Recently-listed Qudian, which Ant Financial holds a 12% stake in, relies mainly on Sesame Credit to judge the default risk of its borrowers. Qudian is one of some 600 lenders using Sesame Credit’s system, according to a source close to Ant Financial.
Other data giants like JD Cloud and Tongdun have also launched similar partnerships with microlenders.
But these partnerships occupy a legal gray area. China’s new cybersecurity law restricts companies’ use of customers’ personal data, but a Sesame Credit staffer told Caixin that the company’s system “involves an agreement between the user, lending business, and the third party — it isn’t the sale of personal data.”
However, many of these agreements leave plenty of room for the abuse of customer data. For instance, one lender’s authorization form, seen by Caixin, tells the user the lender may also use personal information for marketing purposes, but doesn’t specify what this “marketing” could involve.
More pressing, for microlenders, is the problem of “polluted” data.
Sesame Credit’s system may be sound, but the company is still unable to control the quality of the data reported by partner lenders, a staffer at the central bank’s Credit Reference Center told Caixin. Lenders’ information often includes errors like mistaken user identity, and some lenders deliberately misprepresent user information.
According to Han Honghui, an anti-fraud expert from the Beijing Internet Finance Industry Association, some online lenders will actually put their favorite customers on their blacklist shared with other lenders, so that other platforms will reject the customer, allowing the original lender to have exclusive access to the favored customer.
Some lenders are also simply reluctant to hand over their hard-earned data for free. “We paid our own ‘blood’ for data on customers’ overdue loans,” a microlender told Caixin. “Why would we just give it to Ant Financial?”
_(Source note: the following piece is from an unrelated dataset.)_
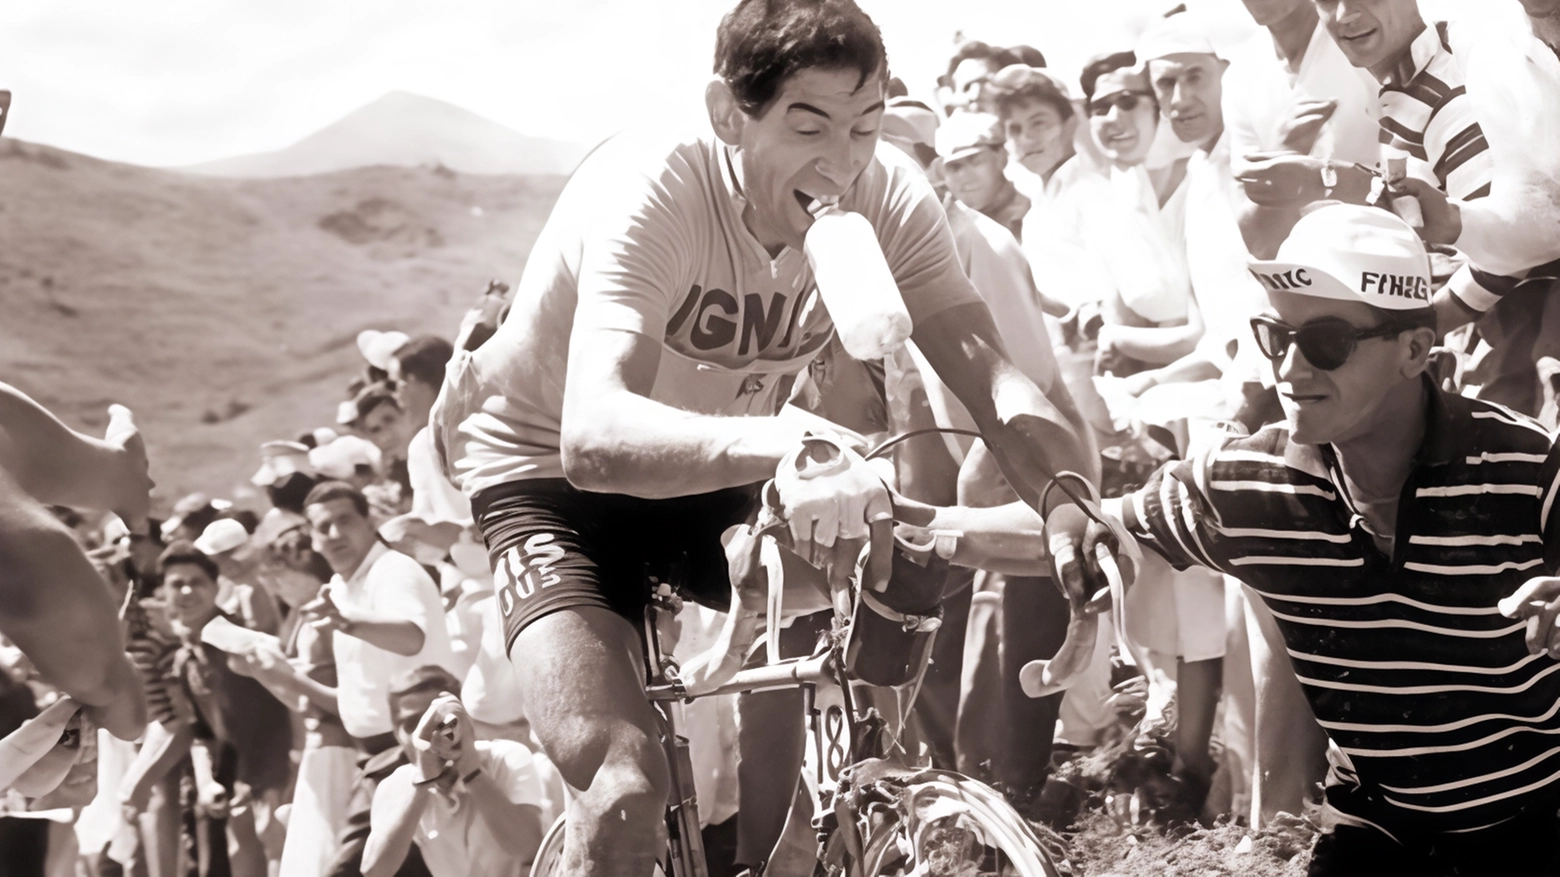 Il racconto della figlia Elisabetta: "È stato una leggenda del ciclismo. Ma era anche un uomo leale e un atleta, tranne qualche sigaretta". .
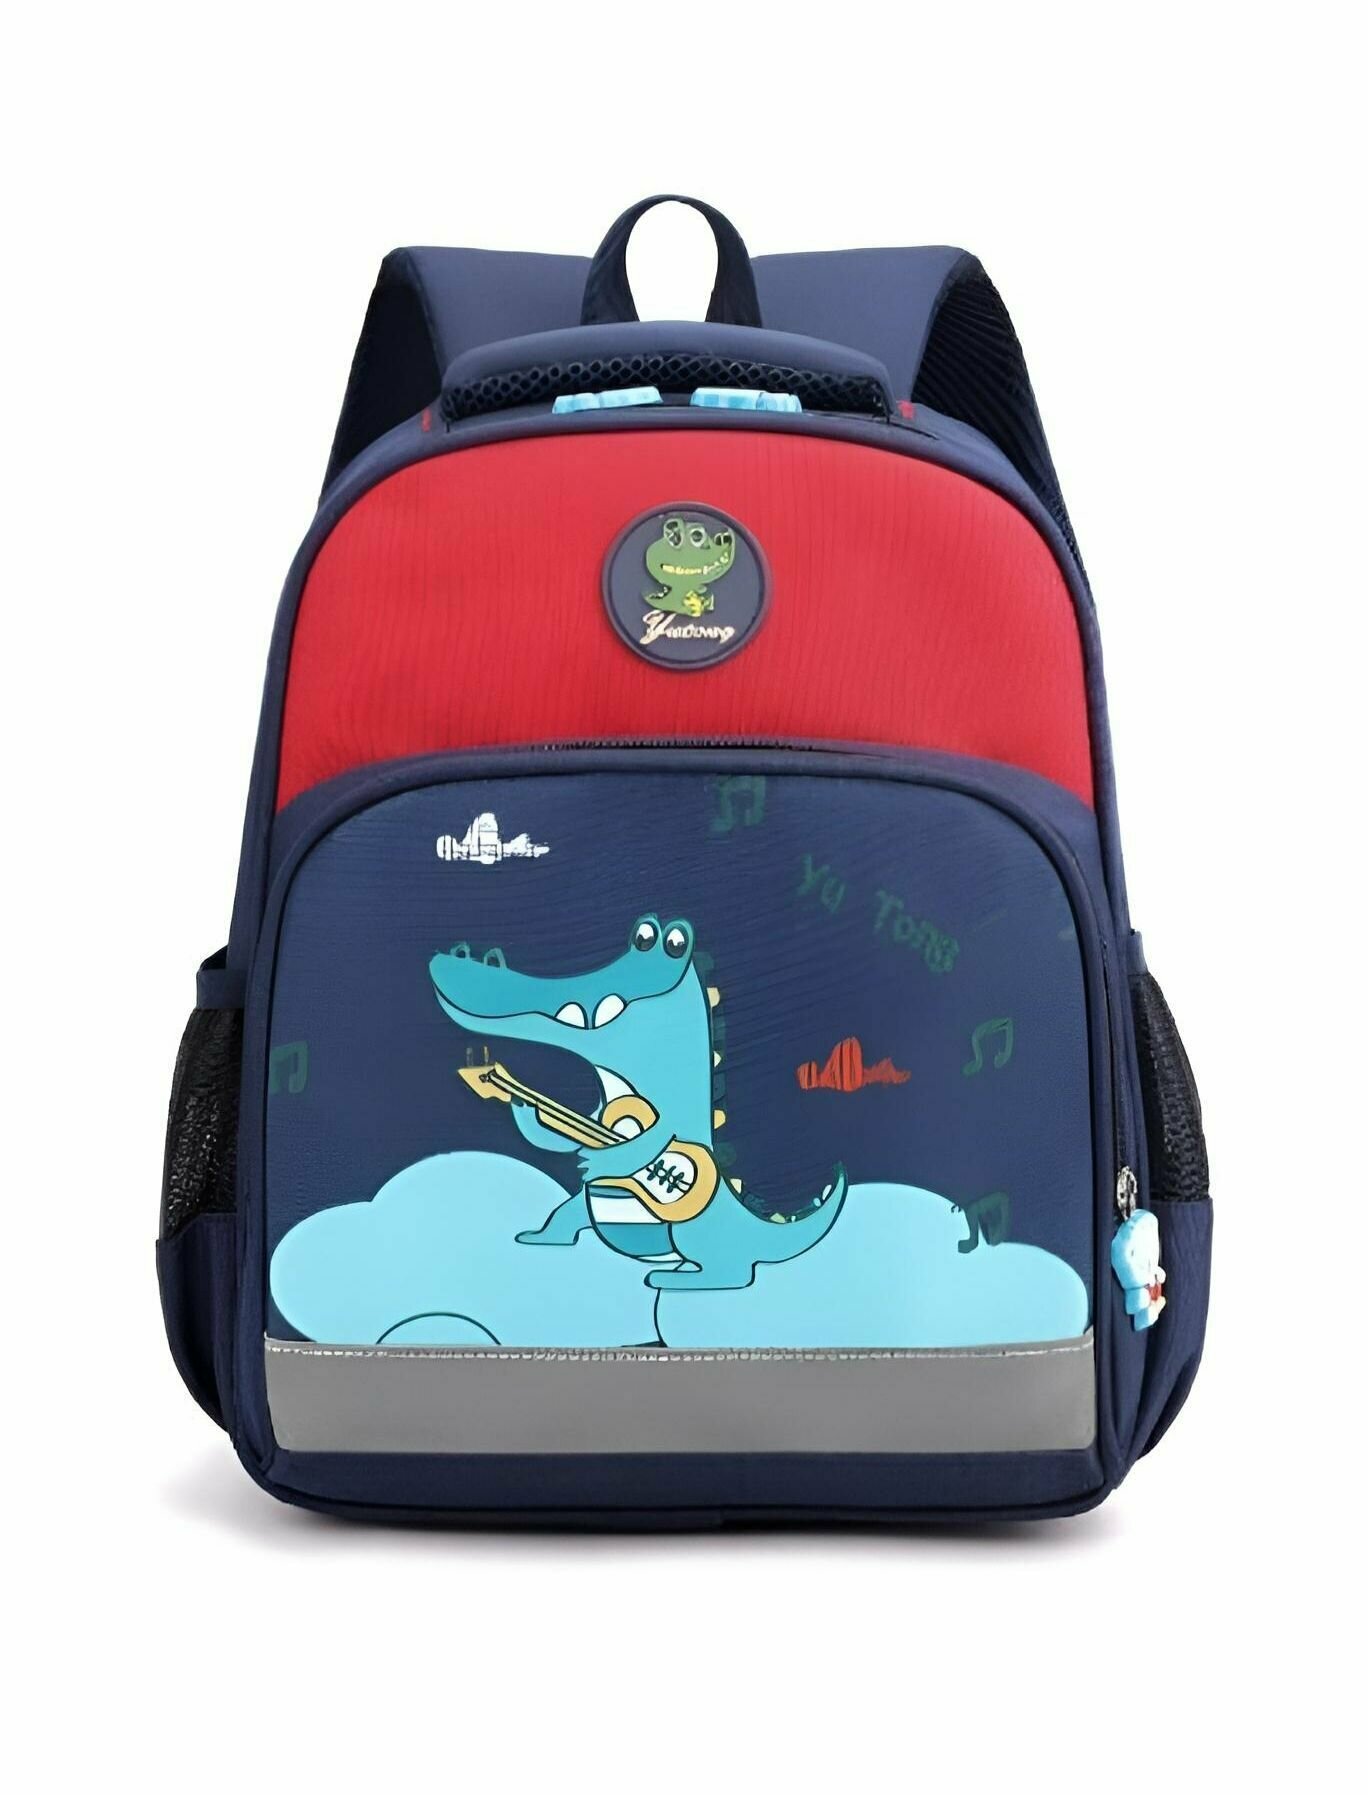 Рюкзак школьный для девочки, мальчика/для первоклассника/ для начальной школы облегченный/ранец дошкольный для детского сада

Zhongguancun Credit Union and the Beijing Internet Finance Industry Association have also tried to set up their own information sharing platforms. But some untrustworthy members “sell the shared information to outsiders,” a source working at a personal credit company said.
Even honest lenders have a hard time contributing constructively to these platforms. A lack of standardization means lenders aren’t sure who exactly to include on their blacklists, or how they should define debt.
New credit platform
The China Banking Regulatory Commission is considering rules that would disincentivize lenders from offering risky loans. These rules could include caps on annualized borrowing costs and interest rates, sources said.
Chongqing municipality, which has a high concentration of microlenders, recently held a self-assessment drive for microlenders, which will be followed by on-site government inspections.
But ultimately, even microlenders that obey the law desperately need access to a larger pool of reliable personal credit information. In the hope of solving microlenders’ risk-control difficulties, the National Internet Finance Association plans to build a new national borrower database, Caixin learned recently.
The eight third-party agencies that participated in the 2015 pilot will be part of this platform, and have each signed a preliminary agreement to buy a roughly 8% stake in the platform, according to a NIFA document seen by Caixin.